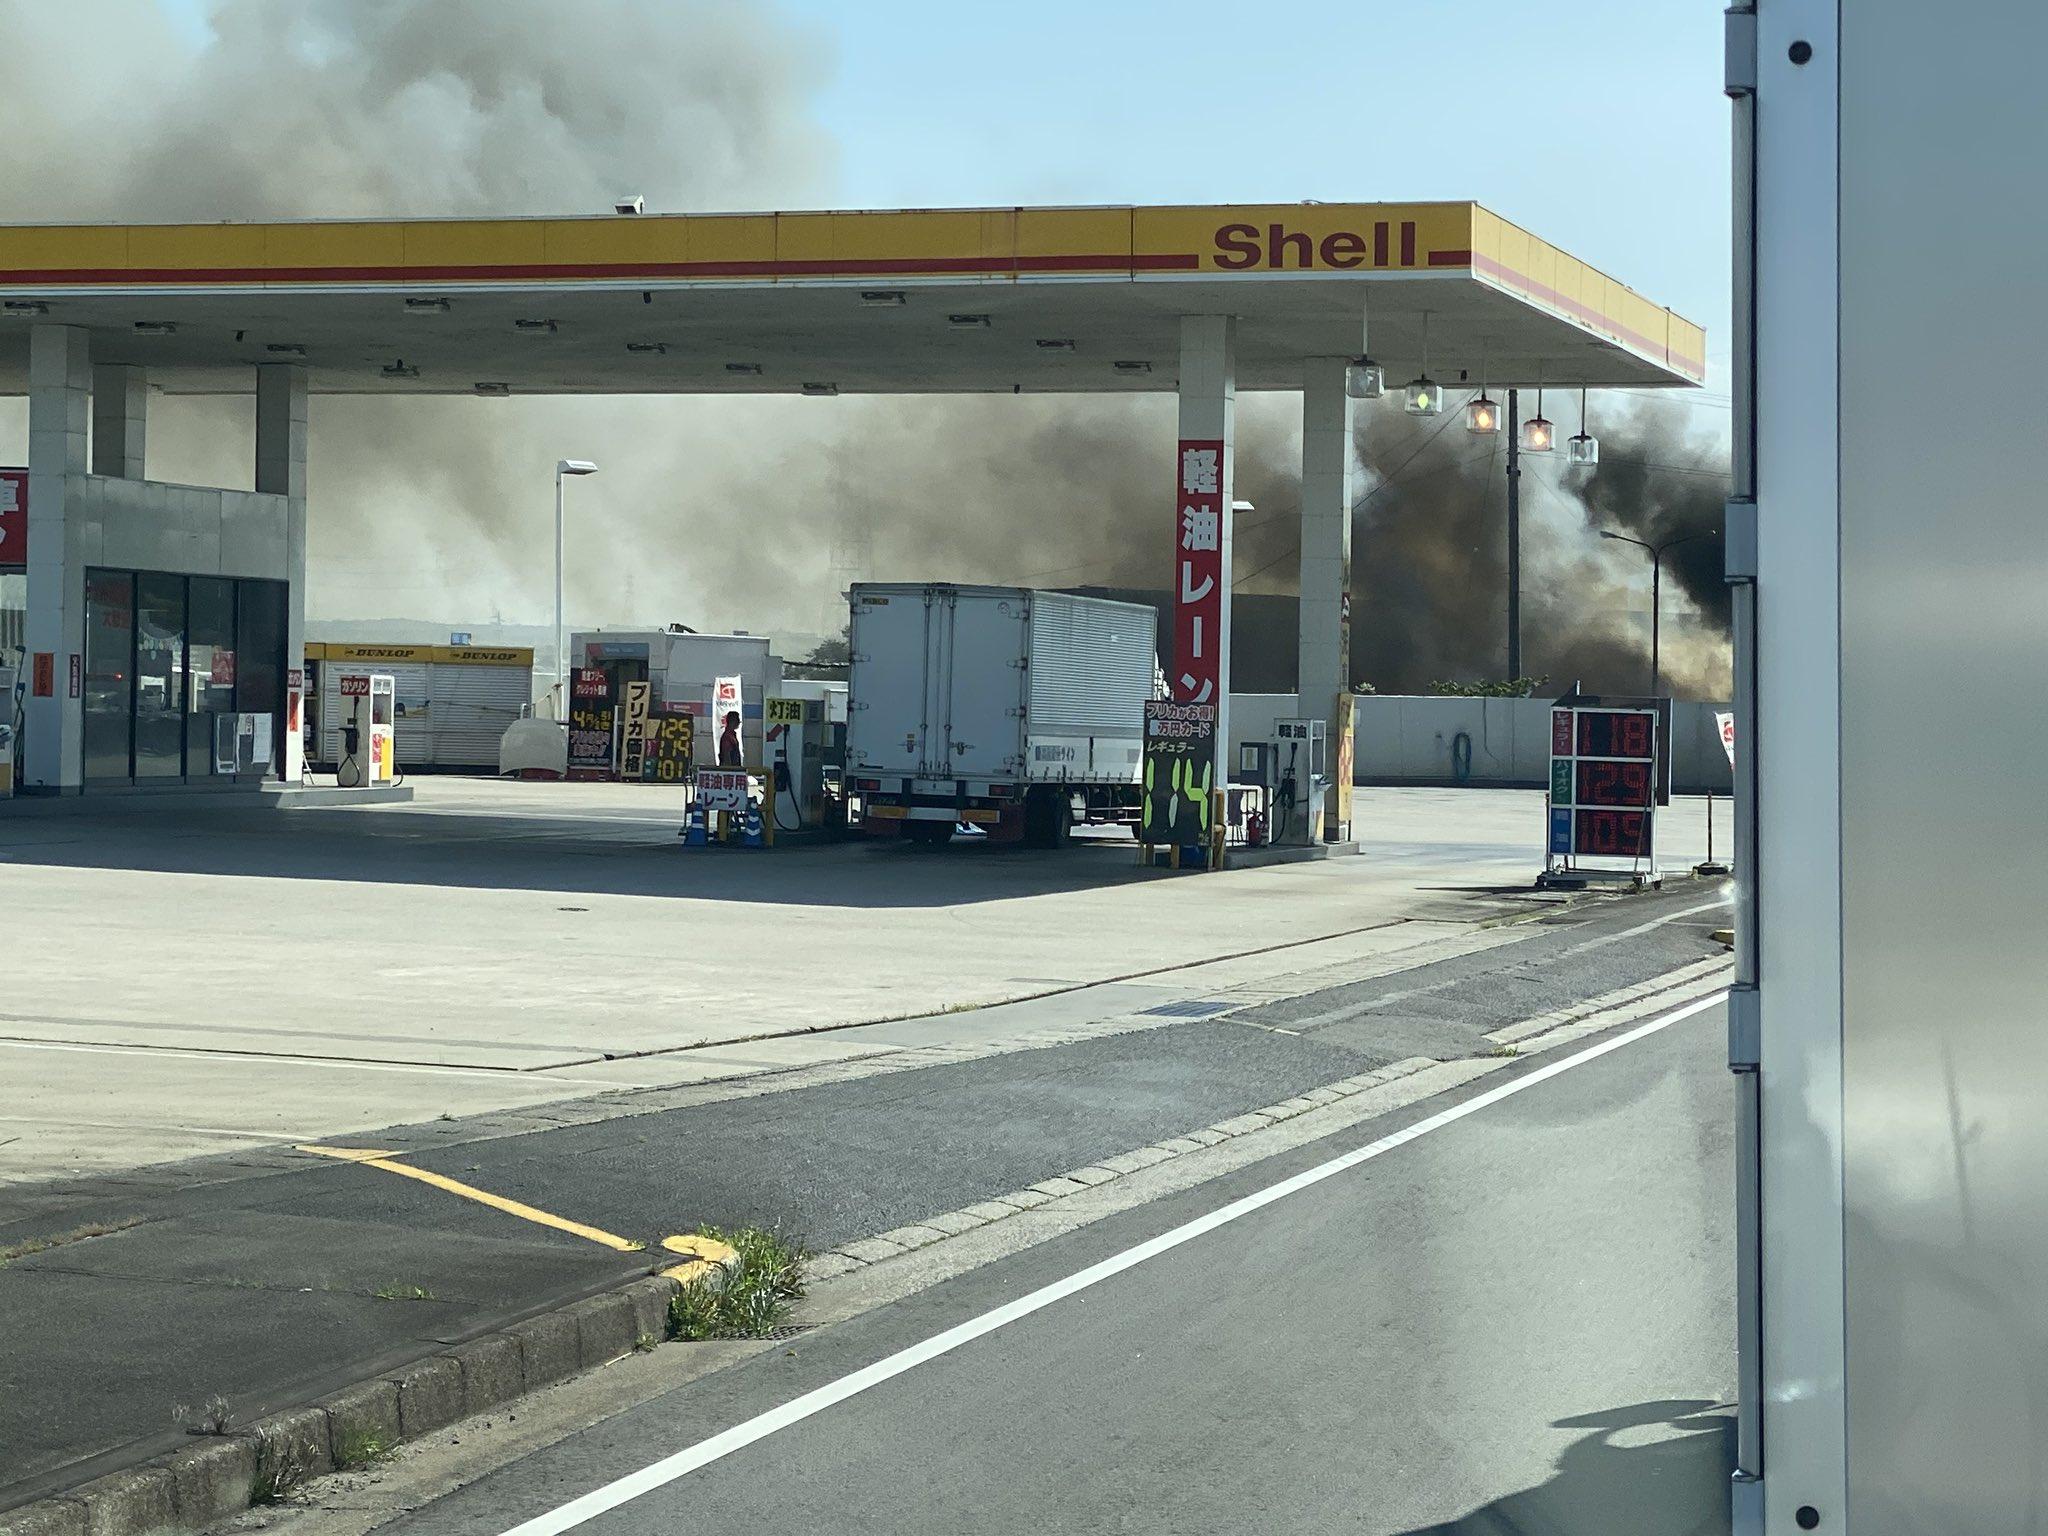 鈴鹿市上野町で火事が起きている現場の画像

__________

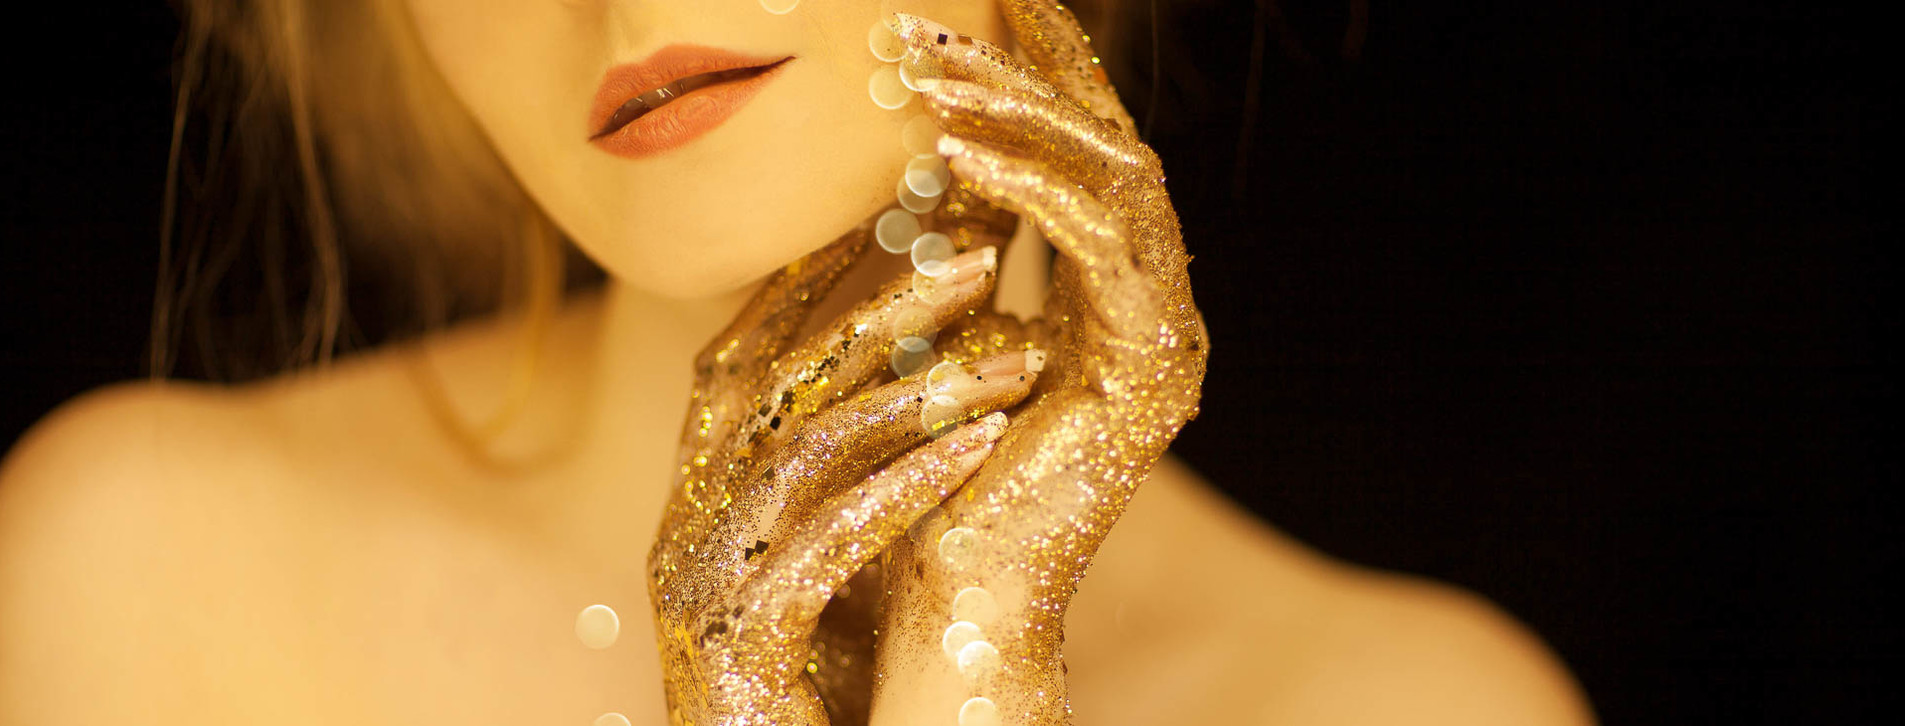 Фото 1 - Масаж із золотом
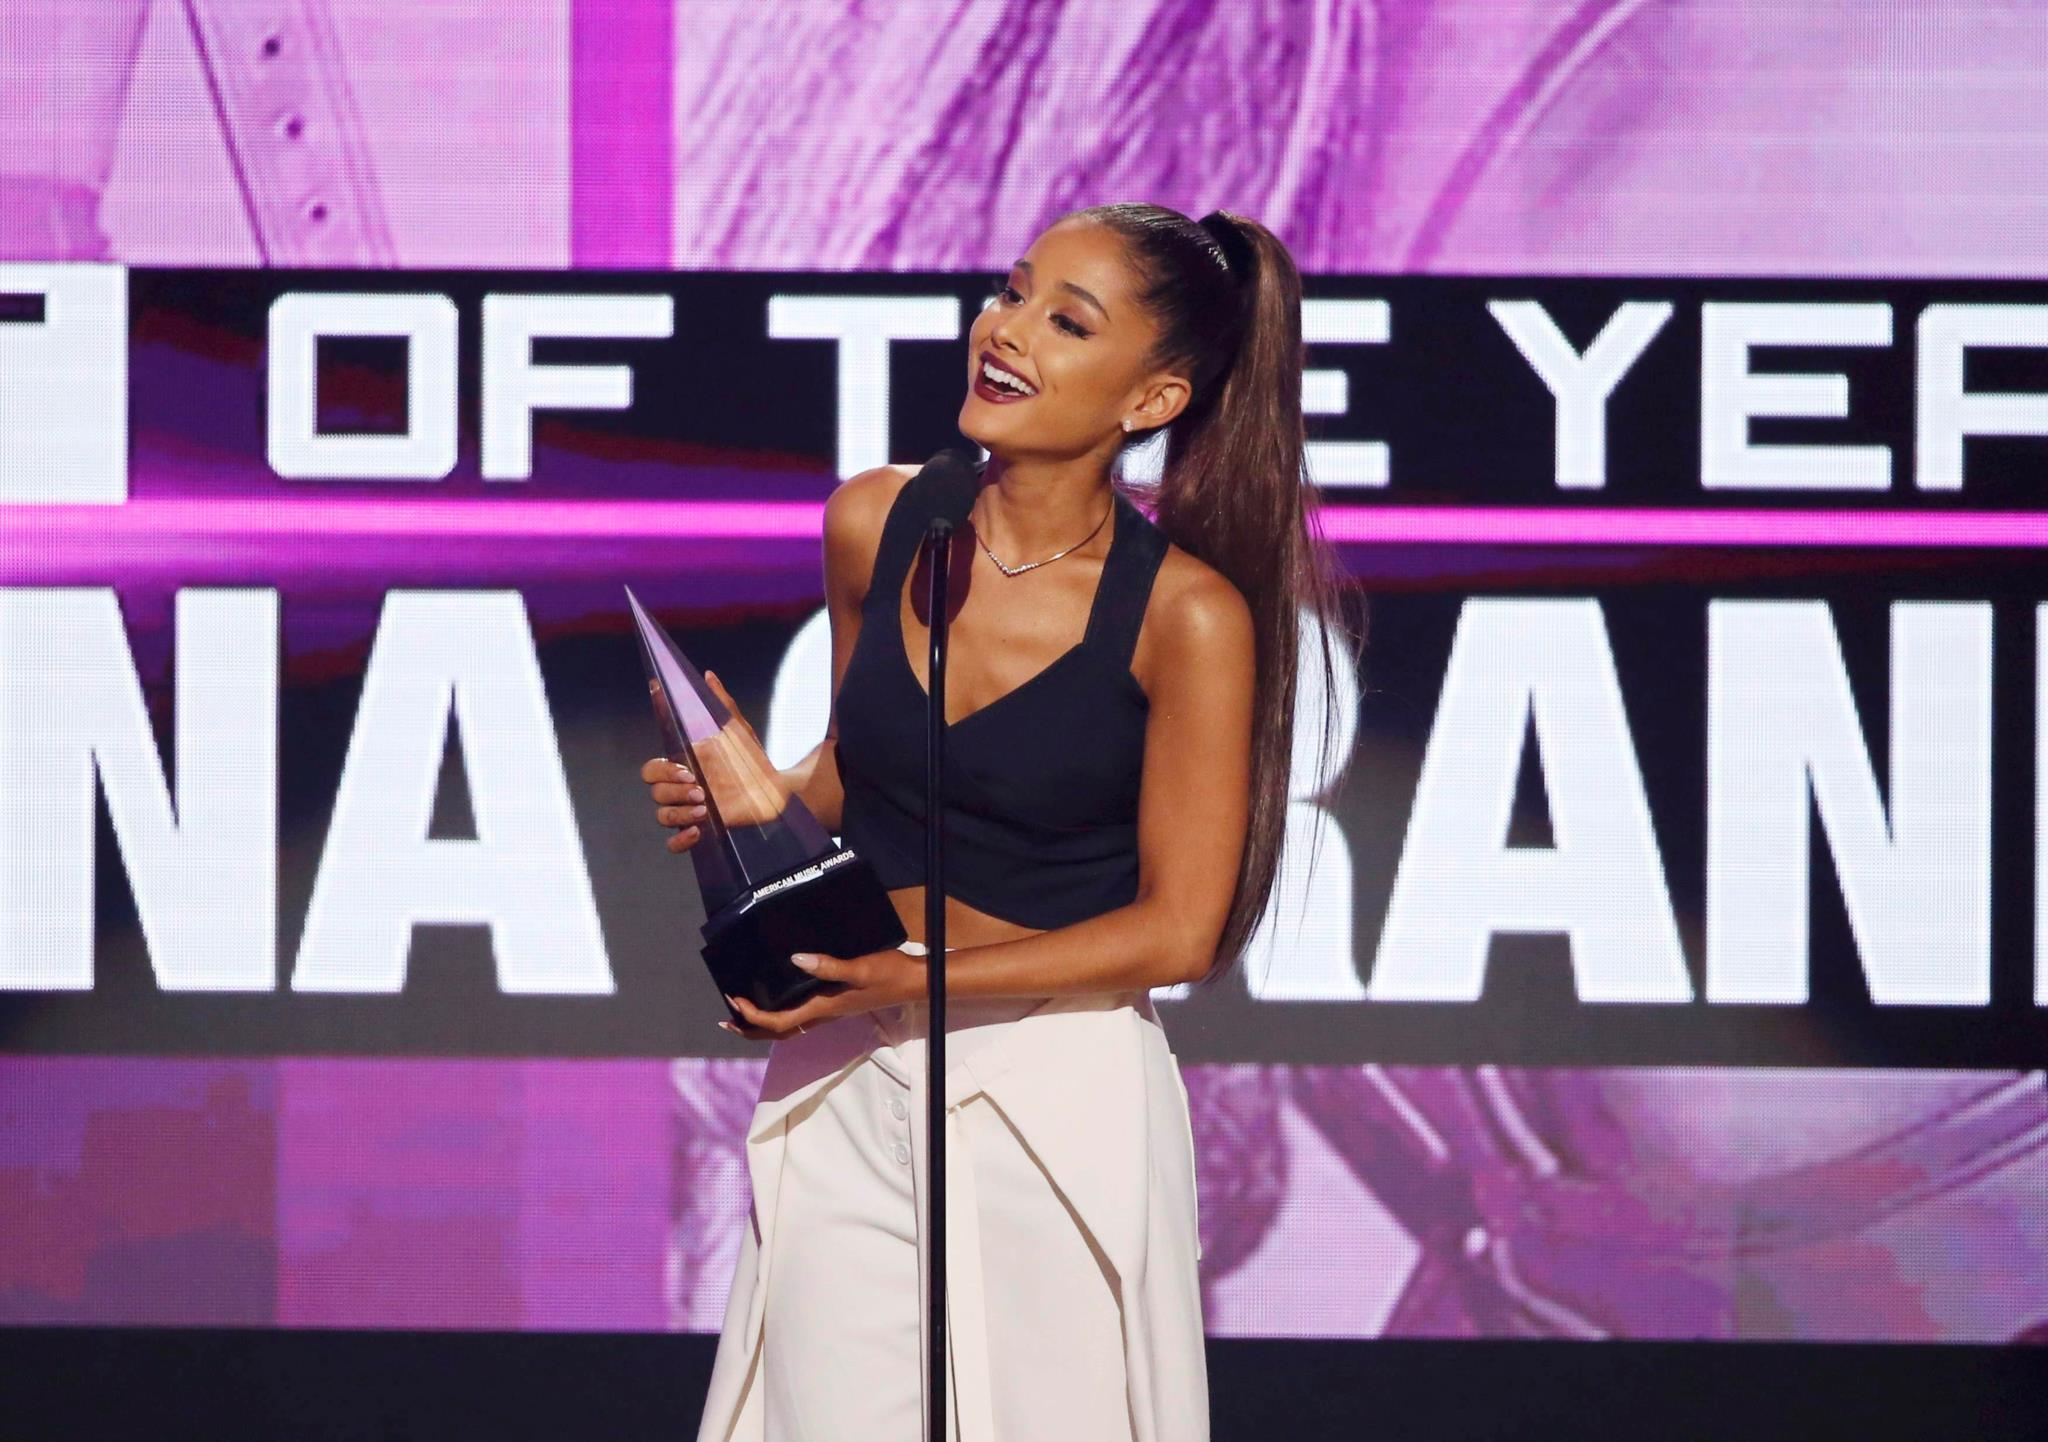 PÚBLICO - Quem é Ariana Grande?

__________

> _Exercise prompt_: Write out the lines above from the one with "Фото 1 - Масаж із золотом" through the one with "PÚBLICO - Quem é Ariana Grande?", ends included, exactly; no picture goes in.

> _Result of the task_:
 Фото 1 - Масаж із золотом
 PÚBLICO - Quem é Ariana Grande?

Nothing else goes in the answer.